On its own, the North Field expansion presents less risk of creating an oversupply than the earlier mega-train expansions. The capacity increase is slightly larger, but the market has more than doubled in size since the first two mega-trains were commissioned in 2009.
This time, however, Qatari expansion looks to be closer to one-third of new liquefaction capacity during this period, whereas it had been two-thirds in the late 2000s and early 2010s. The United States is currently slated to add over 75 Mt of annual liquefaction capacity through the remainder of the decade, and there are projects under construction in other parts of the world.
Much like the Fukushima disaster twelve years ago, the war in Ukraine has created demand for LNG that was unanticipated at the time of the new trains’ FIDs.
In the aftermath of the war we have once again seen high prices help to stimulate additional liquefaction FIDs, potentially pushing the U.S. liquefaction expansion by another 30 to 40 Mt annually this decade on top of the projects under construction.
New Era For The Market?
It is going to be very interesting to see how the market absorbs all of the new production and whether LNG marketing will need to change. The potential gas demand throughout the world is more than enough to offset the liquefaction capacity under construction, but there is less and less space for traditional contracts.
QatarEnergy is uniquely positioned to influence the way the world conducts its LNG business, and the approach it takes will be very important for the United States as its de facto primary competitor.

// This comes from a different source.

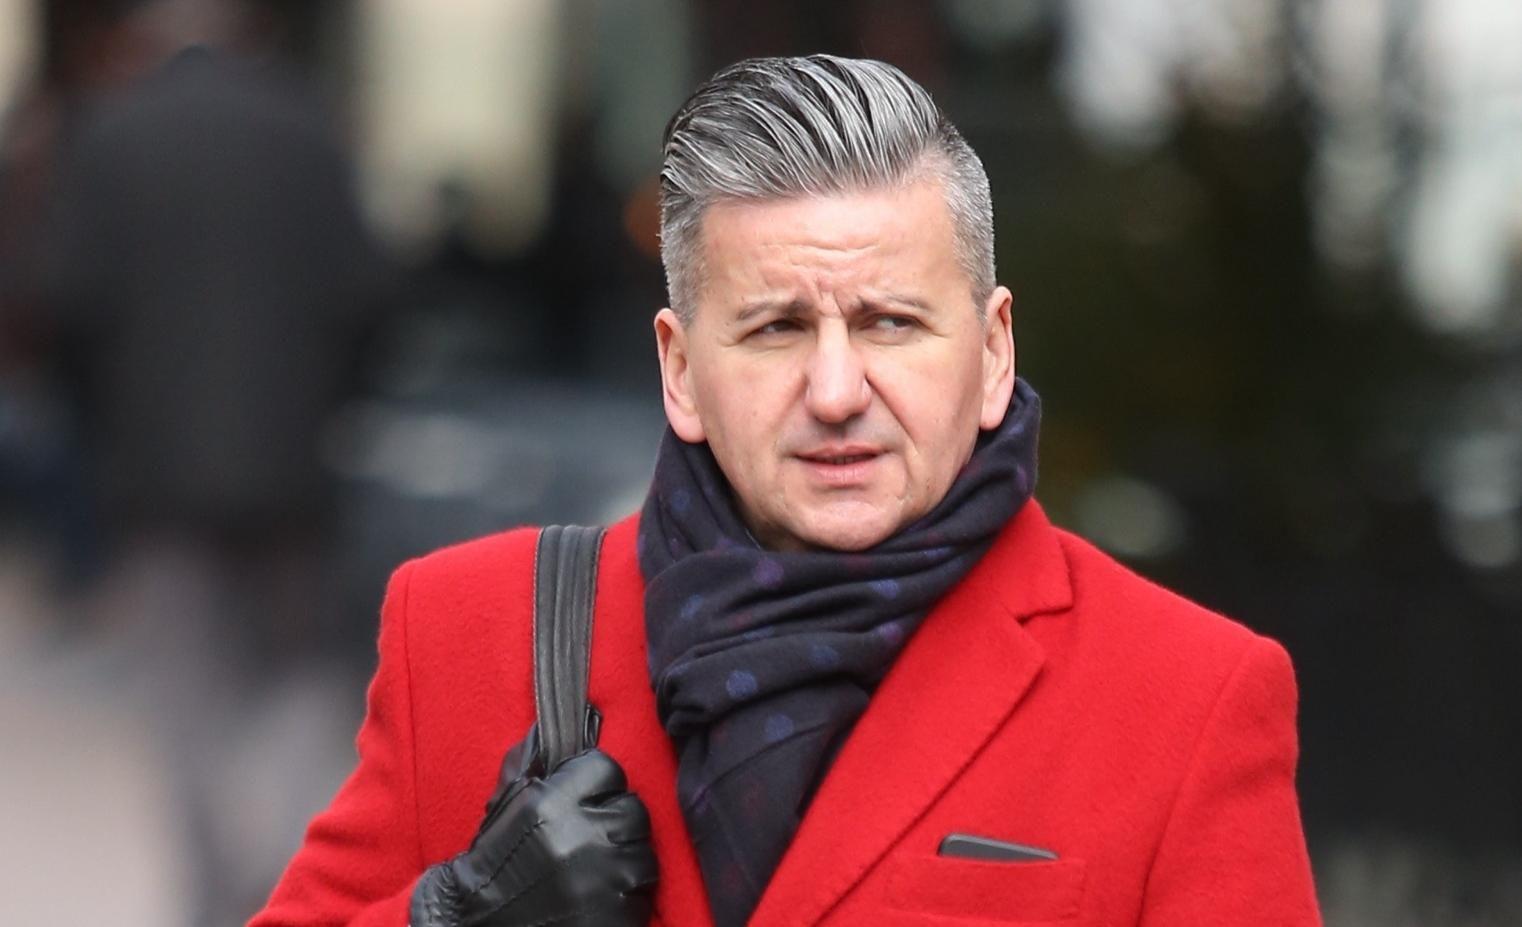 Mislili ste da muškarci ne mogu nositi crveni kaput? On je dokaz da može izgledati odlično!

The biggest difference between the LNG market today versus 2009 is the role of the United States, not only its large export volumes but also its commercial terms. When Qatar embarked upon its earlier mega-train project there was no place where buyers could find free-on-board, destination-flexible volumes from a wholesale gas market on a “cost-plus” contract structure.
The long-term clearing price did not need to be thought about very much because new supplies were constrained by the need to develop gas reserves. With the United States as an exporter, the constraint on new LNG supply now comes from pipeline and liquefaction bottlenecks.
U.S. development has been driven by a midstream model that is heavily dependent on long-term contracting. Were the Qataris to take a competitive position that seeks to periodically slow that development, the approach might be to offer end users shorter duration contracts with more flexibility and domestic market indexation – contract terms that would be difficult to finance in the United States.
In other words, more spot market, not less, which would represent quite a seachange from 2011.
Brad Hitch has spent more than 23 years working in LNG and natural gas trading from London and Houston. He currently works as an adviser to new market entrants, and he has held senior trading and origination positions at Barclays, Cheniere Energy Inc., Enron Corp., Merrill Lynch and Williams.